# Name: Pankaj Chaudhari
# Roll No : 303
# Dataset : Store data
# Predictive Analytics Lab 1

## Algorithm : FP Growth

The frequent pattern growth method lets us find the frequent pattern without candidate generation.

Let us see the steps followed to mine the frequent pattern using frequent pattern growth algorithm:

- 1) The first step is to scan the database to find the occurrences of the itemsets in the database. This step is the same as the first step of Apriori. The count of 1-itemsets in the database is called support count or frequency of 1-itemset.

- 2) The second step is to construct the FP tree. For this, create the root of the tree. The root is represented by null.

- 3) The next step is to scan the database again and examine the transactions. Examine the first transaction and find out the itemset in it. The itemset with the max count is taken at the top, the next itemset with lower count and so on. It means that the branch of the tree is constructed with transaction itemsets in descending order of count.

- 4) The next transaction in the database is examined. The itemsets are ordered in descending order of count. If any itemset of this transaction is already present in another branch (for example in the 1st transaction), then this transaction branch would share a common prefix to the root.

This means that the common itemset is linked to the new node of another itemset in this transaction.

- 5) Also, the count of the itemset is incremented as it occurs in the transactions. Both the common node and new node count is increased by 1 as they are created and linked according to transactions.

- 6) The next step is to mine the created FP Tree. For this, the lowest node is examined first along with the links of the lowest nodes. The lowest node represents the frequency pattern length 1. From this, traverse the path in the FP Tree.
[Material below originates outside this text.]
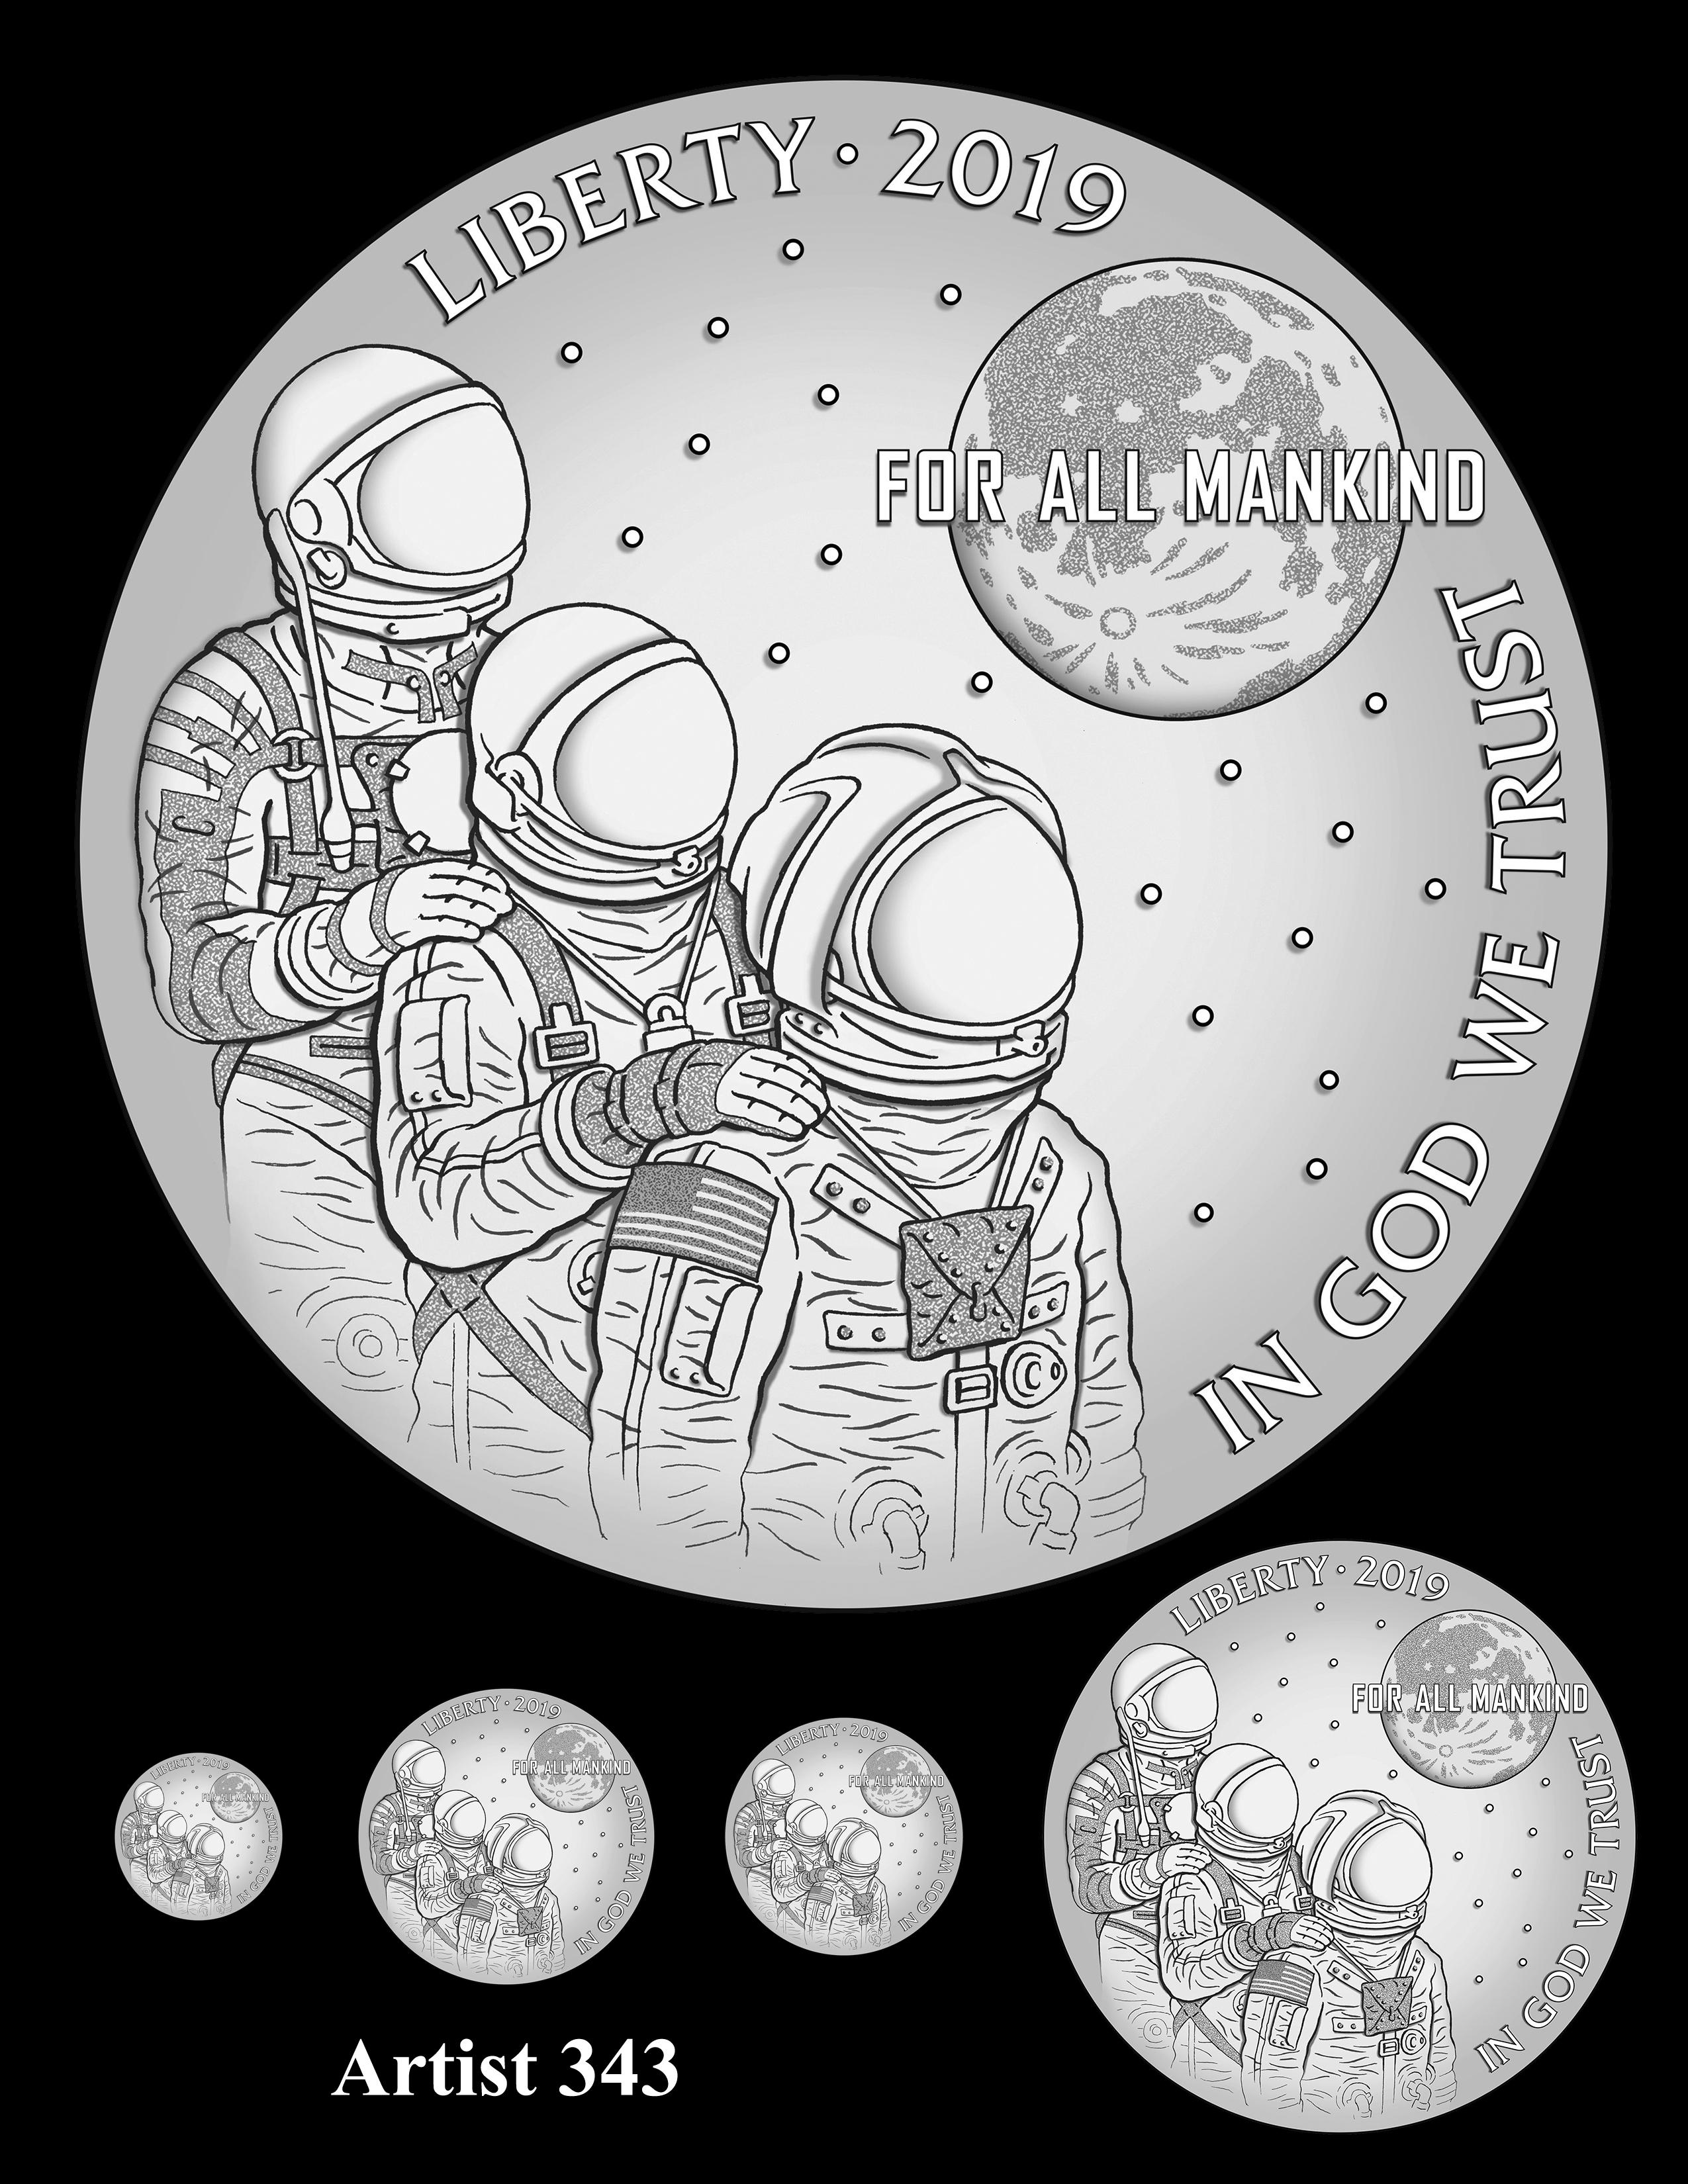 Artist 343 -- Apollo 11 50th Anniversary Commemorative Coin Obverse Design Competition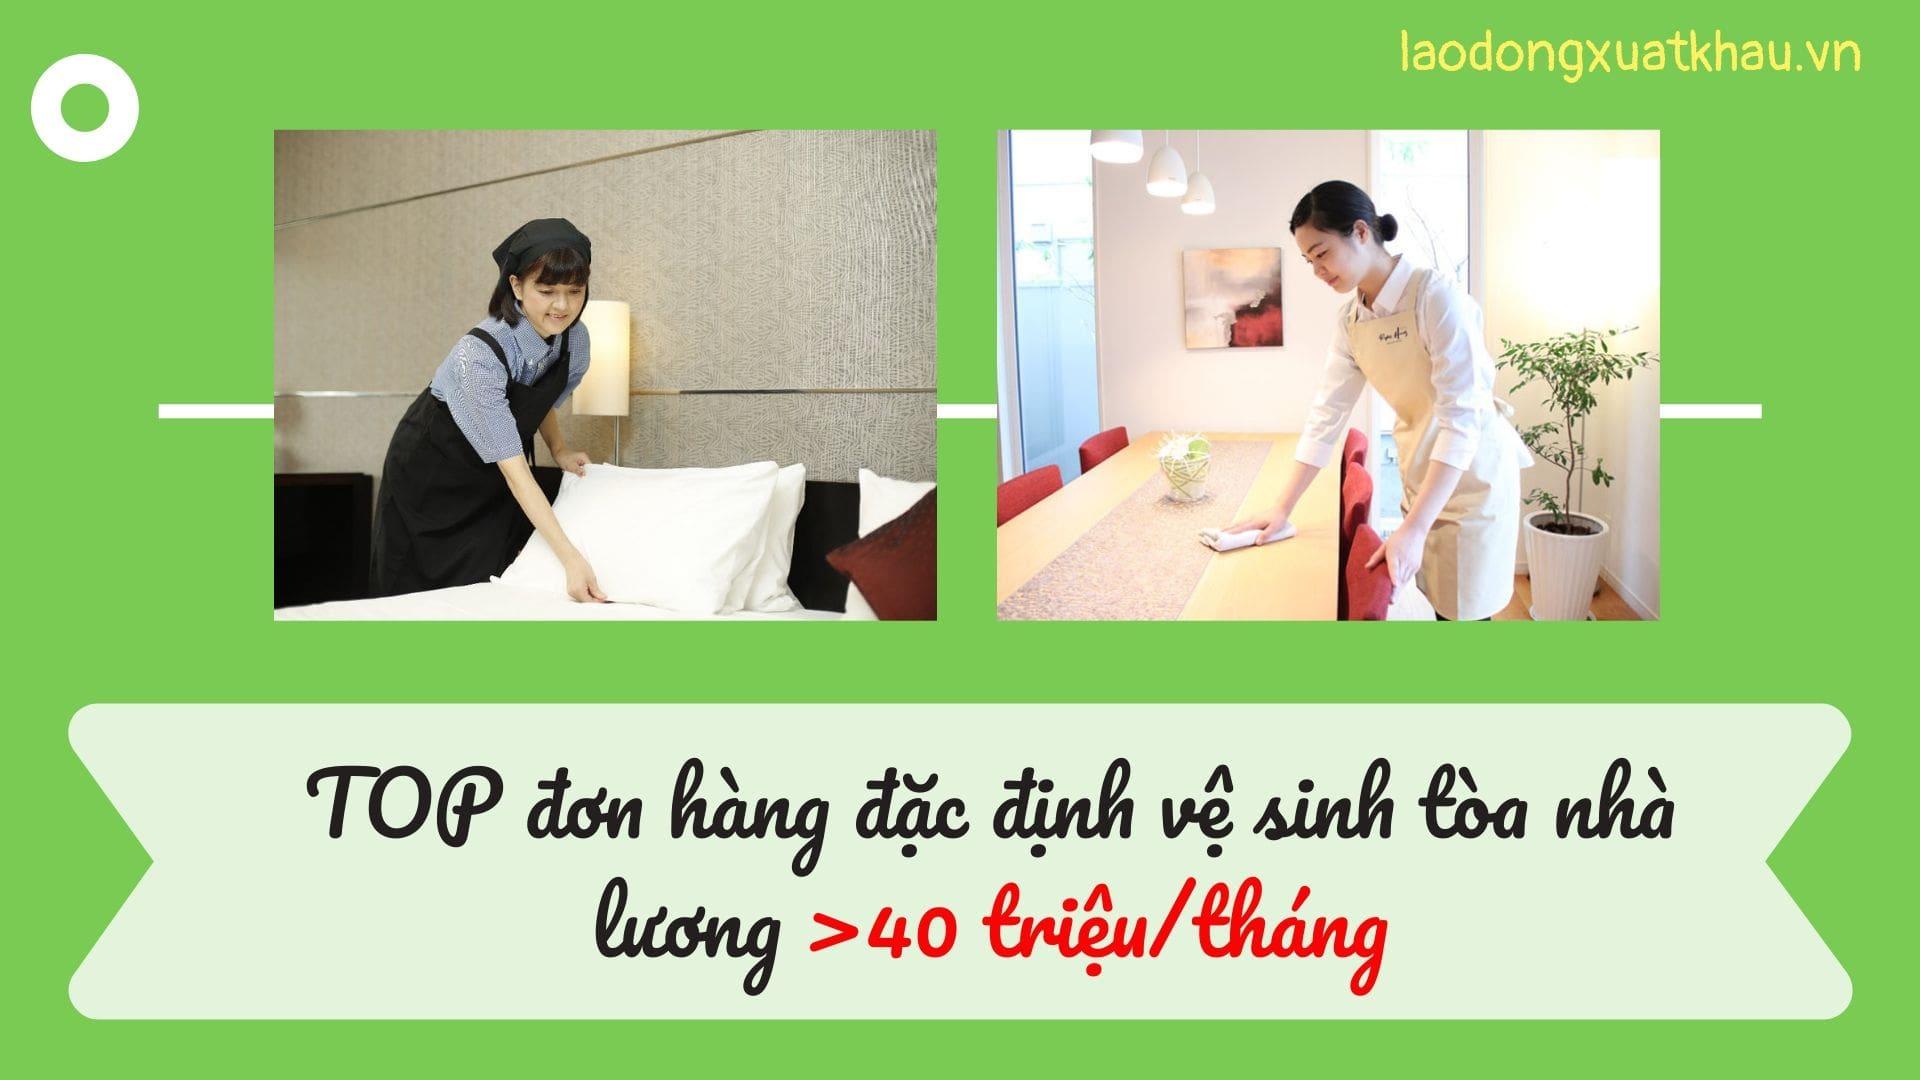 TOP đơn hàng đặc định ngành vệ sinh tòa nhà lương 40 triệu/tháng nên tham gia

This path or paths are called a conditional pattern base.

Conditional pattern base is a sub-database consisting of prefix paths in the FP tree occurring with the lowest node (suffix).

- 7) Construct a Conditional FP Tree, which is formed by a count of itemsets in the path. The itemsets meeting the threshold support are considered in the Conditional FP Tree.

- 8) Frequent Patterns are generated from the Conditional FP Tree.

## Source Code:

In [1]:
import numpy as np
import pandas as pd
from mlxtend.preprocessing import TransactionEncoder 
from mlxtend.frequent_patterns import association_rules
from mlxtend.frequent_patterns import fpgrowth

In [2]:
import csv
with open('store_data.csv') as f:
    reader = csv.reader(f)
    dataset = list(reader)

In [3]:
te = TransactionEncoder()
te_array = te.fit(dataset).transform(dataset)
df = pd.DataFrame(te_array, columns=te.columns_)

In [5]:
%%time
frequent_itemsets_fp=fpgrowth(df, min_support=0.02, use_colnames=True)

Wall time: 424 ms


In [7]:
len(frequent_itemsets_fp)

103

In [8]:
frequent_itemsets_fp

Unnamed: 0,support,itemsets
0,0.238368,(mineral water)
1,0.132116,(green tea)
2,0.076523,(low fat yogurt)
3,0.071457,(shrimp)
4,0.065858,(olive oil)
...,...,...
98,0.040928,"(mineral water, ground beef)"
99,0.039195,"(ground beef, spaghetti)"
100,0.021997,"(ground beef, milk)"
101,0.023064,"(ground beef, chocolate)"


In [15]:
rules_fp = association_rules(frequent_itemsets_fp, metric="confidence", min_threshold=0.0053)

In [16]:
rules_fp

Unnamed: 0,antecedents,consequents,antecedent support,consequent support,support,confidence,lift,leverage,conviction
0,(mineral water),(green tea),0.238368,0.132116,0.031063,0.130313,0.986357,-0.000430,0.997927
1,(green tea),(mineral water),0.132116,0.238368,0.031063,0.235116,0.986357,-0.000430,0.995748
2,(spaghetti),(green tea),0.174110,0.132116,0.026530,0.152374,1.153335,0.003527,1.023900
3,(green tea),(spaghetti),0.132116,0.174110,0.026530,0.200807,1.153335,0.003527,1.033405
4,(green tea),(french fries),0.132116,0.170911,0.028530,0.215943,1.263488,0.005950,1.057436
...,...,...,...,...,...,...,...,...,...
95,(milk),(ground beef),0.129583,0.098254,0.021997,0.169753,1.727704,0.009265,1.086118
96,(ground beef),(chocolate),0.098254,0.163845,0.023064,0.234735,1.432669,0.006965,1.092635
97,(chocolate),(ground beef),0.163845,0.098254,0.023064,0.140765,1.432669,0.006965,1.049476
98,(mineral water),(cake),0.238368,0.081056,0.027463,0.115213,1.421397,0.008142,1.038604


## Conclusion:
Frequent Pattern Growth Algorithm is the method of finding frequent patterns without candidate generation. It constructs an FP Tree rather than using the generate and test strategy of Apriori. The focus of the FP Growth algorithm is on fragmenting the paths of the items and mining frequent patterns.